Now Liz said, ‘Why’s he talking to us about this? Shouldn’t it go to protective security?’

‘Let’s wait and see what he has to say,’ said Wetherby calmly. ‘You know the PM’s pinning a lot on this conference. God knows what happens if it fails. I think the Middle East is in what the Americans call the Last Chance Saloon.’

‘There were two men from Grosvenor at the meeting.’

‘Was Andy Bokus one of them?’

‘That’s right.’

‘Head of station. They call him Bokus the Bruiser,’ said Wetherby with a smile.

‘He had a sidekick with him, a guy called Brookhaven. He seemed rather nice.’

‘Don’t know him. See you shortly.’

‘I’ll be there,’ said Liz. She paused a beat before asking, ‘Is Fane coming on his own?’

‘Yes. Why do you ask?’

She shrugged. ‘He sent Bruno Mackay to the Cabinet Office meeting.’

Wetherby grimaced, then gave a wry smile. ‘No, it’s just Fane, thank God. He’s hard enough to pin down without Mackay muddying the waters. See you in a bit, then.’

He went off down the corridor and Peggy left to return to her desk in the open-plan office.

What a relief to have Charles back in charge, Liz thought. Charles Wetherby, formerly director of counter terrorism, had spent several months earlier in the year on compassionate leave, looking after his two boys when his wife was thought to be dying from an incurable blood disease.
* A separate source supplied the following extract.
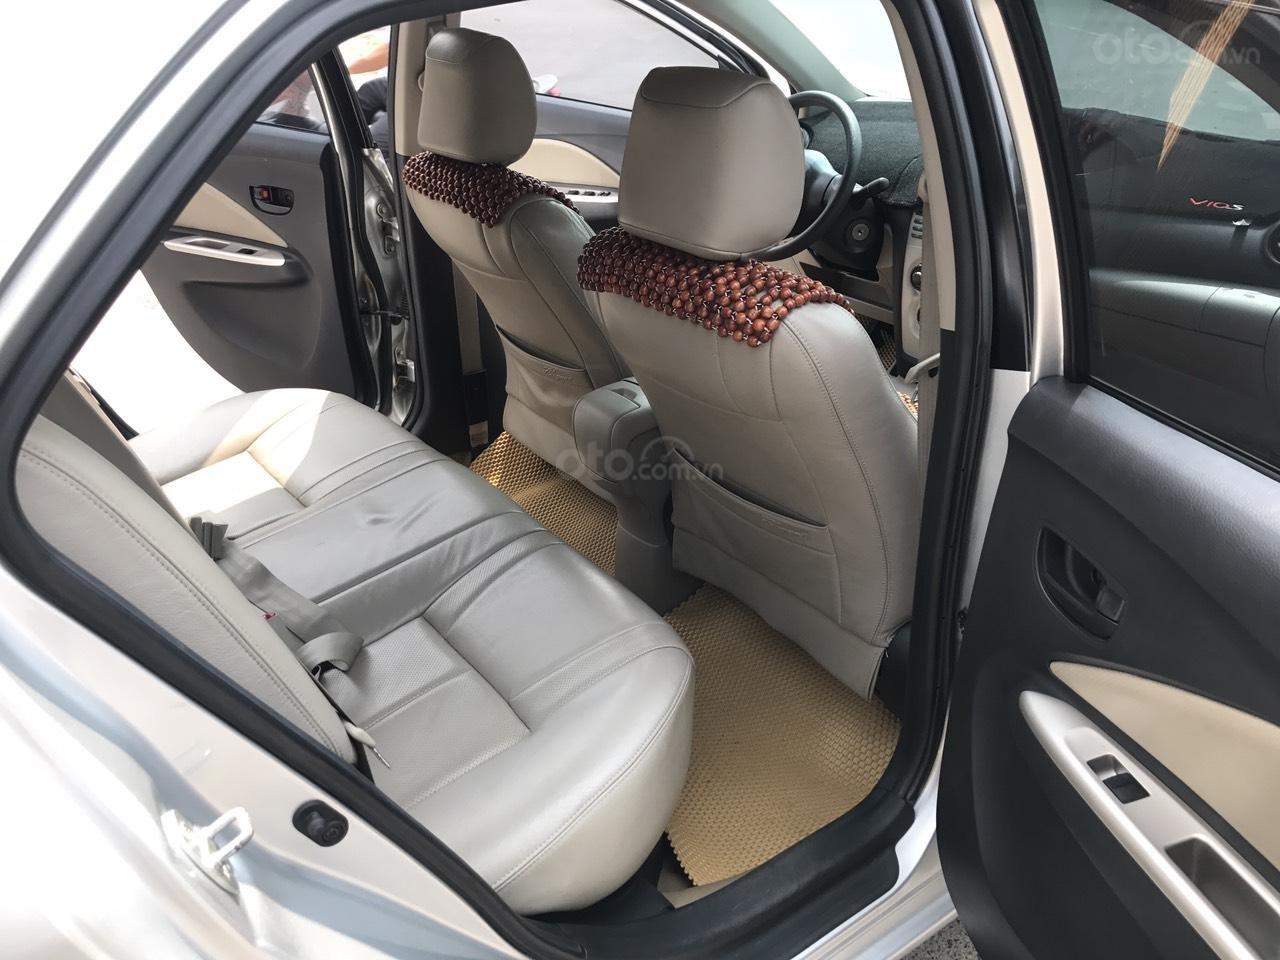 Bán xe Toyota Vios 1.5E đời 2010, màu bạc, nói không với lỗi nhỏ taxi, động chạm máy móc (21)
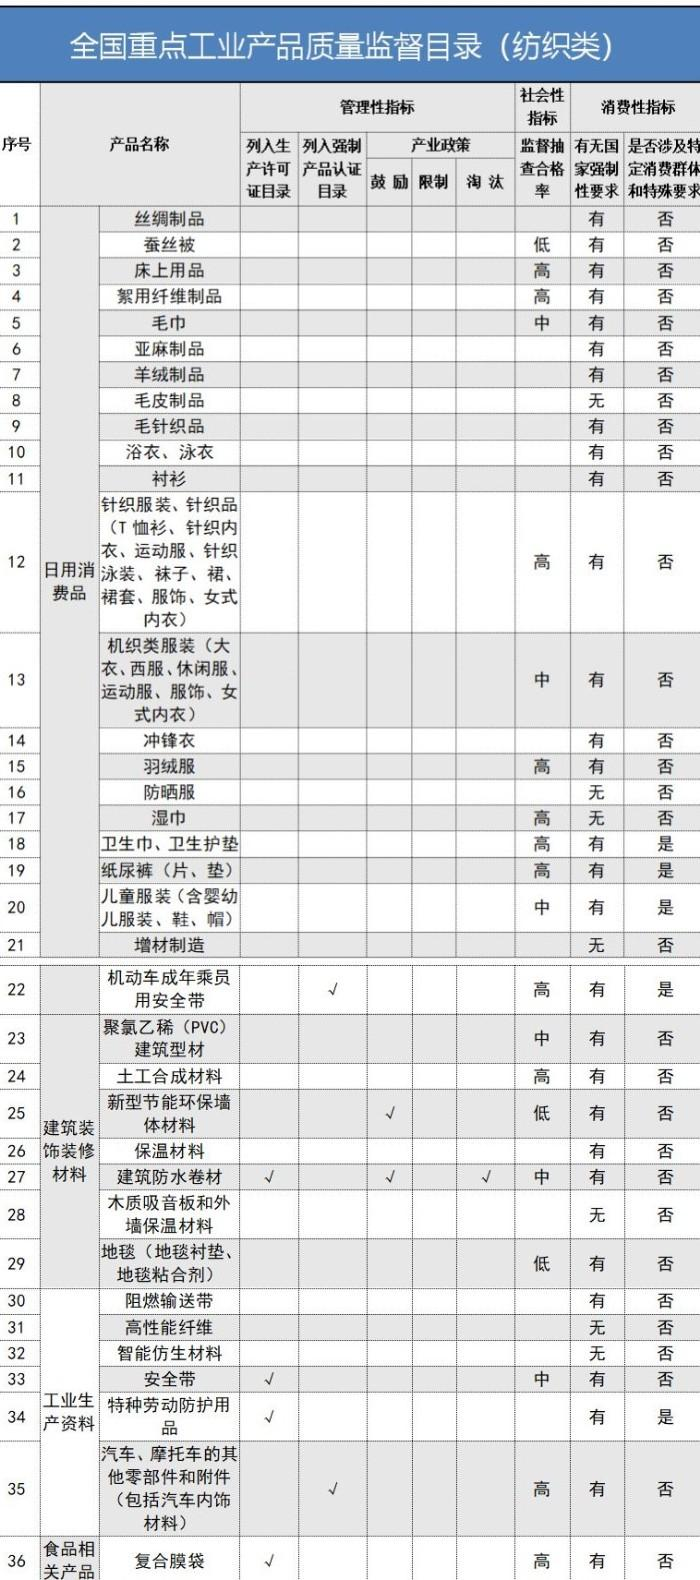 36类纺织产品列入全国重点工业产品质量监督目录

At the same time, Liz had been transferred to the counter espionage branch, working for the dreadful Brian Ackers, a long-time Cold War warrior who couldn’t get it into his head that the relationship with Russia had changed. Liz had had to manage Brian Ackers and Geoffrey Fane as well. That Irish business! She still shuddered at the thought. If Charles hadn’t come back at the last minute it could have been the end of her. It was bad enough as it was. Anyway, Charles had taken Ackers’s place, since his wife seemed to have turned another corner. It wasn’t clear how ill she was – Charles never spoke about it.